Capitolo XVI: De liberalitate et parsimonia
[…] e' sarebbe bene essere tenuto liberale. Nondimanco la liberalità, usata in modo
che tu sia tenuto, ti offende: perché, se la si usa virtuosamente e come la si debbe
usare, la non fia conosciuta e non ti cascherà la 'nfamia del suo contrario; e però, a
volersi mantenere in fra li uomini el nome di liberale, è necessario non lasciare
indreto alcuna qualità di suntuosità: talmente che sempre uno principe così fatto
consumerà in simili opere tutte le sua facultà; e sarà necessitato alla fine, se si vorrà
mantenere el nome del liberale, gravare e' populi estraordinariamente ed essere
fiscale e fare tutte quelle cose che si possono fare per avere danari; il che comincerà
a farlo odioso a' sudditi, o poco stimare da ciascuno divenendo povero.
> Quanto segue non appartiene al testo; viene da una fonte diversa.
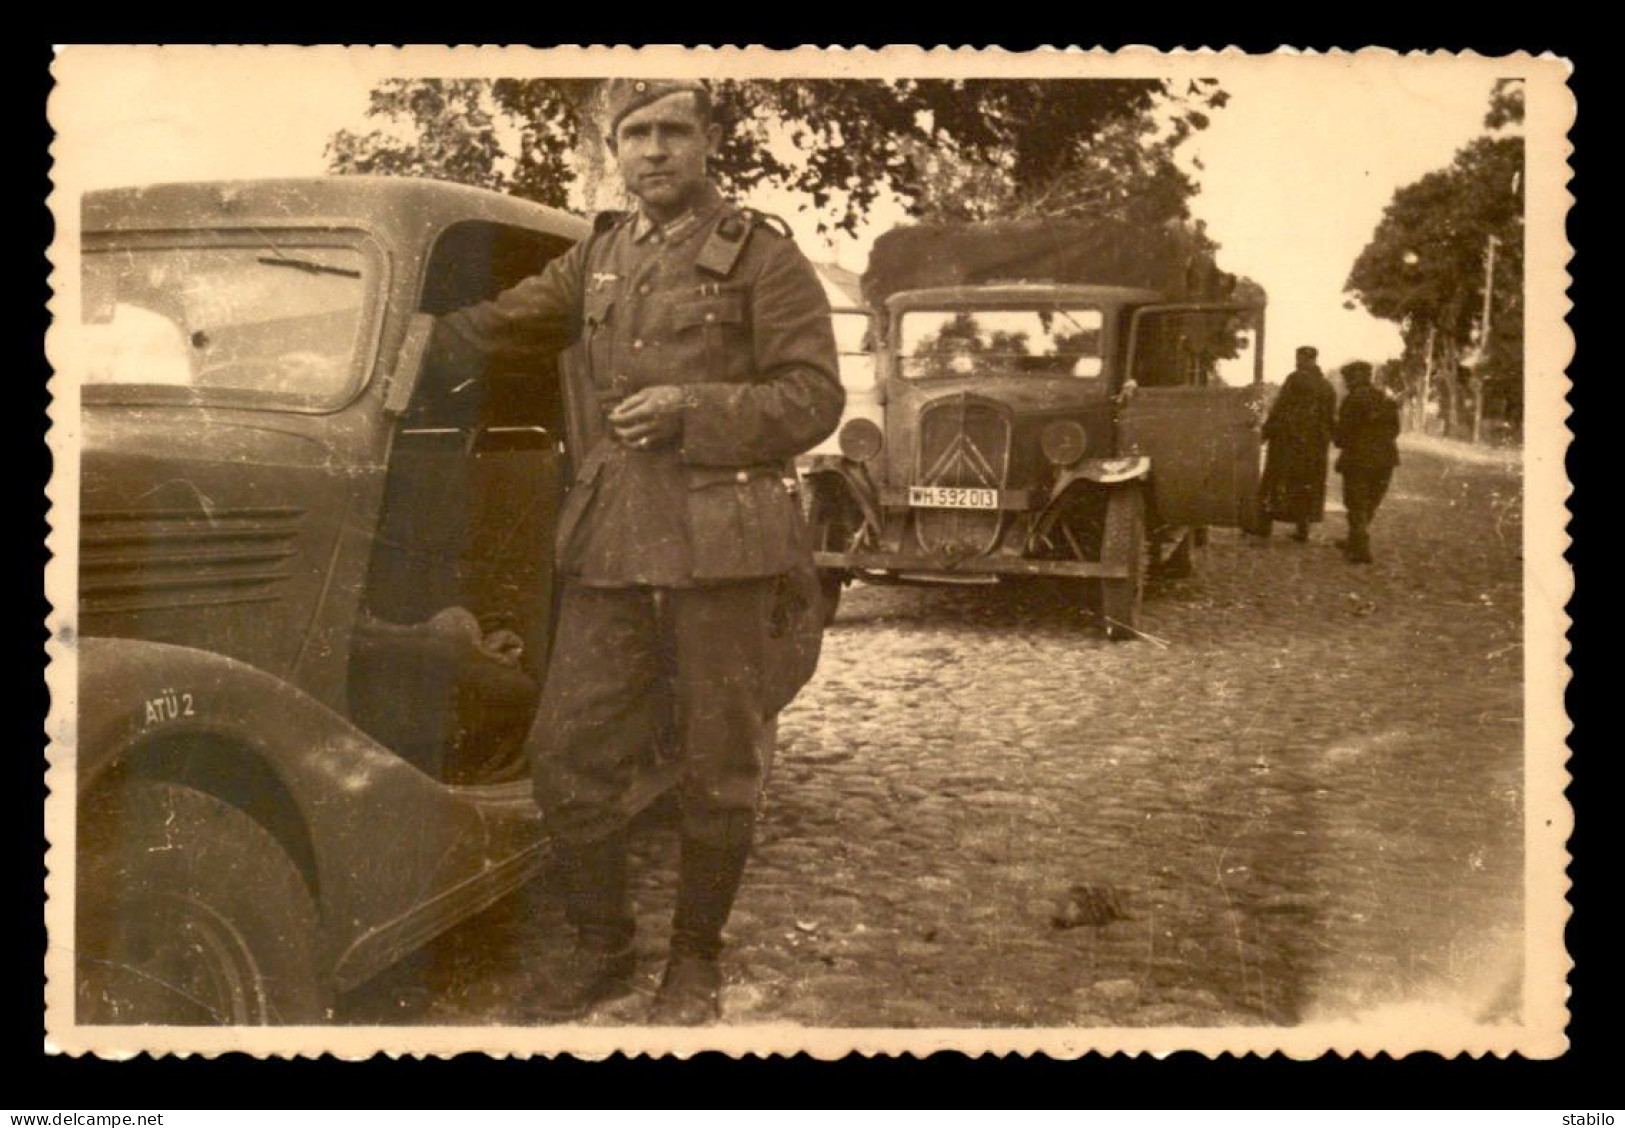 GUERRE 39/45 - SOLDAT ALLEMAND UTILISANT DES VEHICULES FRANCAIS - CARTE PHOTO ORIGINALE - War 1939-45

Capitolo XVII: De crudelitate et pietate; et an sit melius amari quam timeri,vel e
contra
[…] ciascuno principe debbe desiderare di essere tenuto piatoso e non crudele:
nondimanco debbe avvertire di non usare male questa pietà. Era tenuto Cesare
Borgia crudele: nondimanco quella sua crudeltà aveva racconcia la Romagna,
unitola, ridottola in pace e in fede. Il che se si considera bene, si vedrà quello essere
stato molto più piatoso che il populo fiorentino, il quale, per fuggire il nome di
crudele, lasciò distruggere Pistoia. Debbe pertanto uno principe non si curare della
infamia del crudele per tenere e' sudditi sua uniti e in fede: perché con pochissimi
esempli sarà più pietoso che quelli e' quali per troppa pietà lasciono seguire e'
disordini, di che ne nasca uccisioni o rapine; perché queste sogliono offendere una
universalità intera, e quelle esecuzioni che vengono dal principe offendono uno
particulare. E in fra tutti e' principi al principe nuovo è impossibile fuggire il
nome di crudele, per essere gli stati nuovi pieni di pericoli.
XVIII Quomodo fides a principibus sit servanda
Quanto sia laudabile in uno principe il mantenere la fede e vivere con integrità e
non con astuzia, ciascuno lo intende; nondimanco si vede per esperienza ne' nostri
tempi quelli principi avere fatto gran cose, che della fede hanno tenuto poco conto
che della fede hanno tenuto poco conto e che hanno saputo con l'astuzia aggirare e'
cervelli delli uomini: e alla fine hanno superato quelli che si sono fondati in su la
realtà.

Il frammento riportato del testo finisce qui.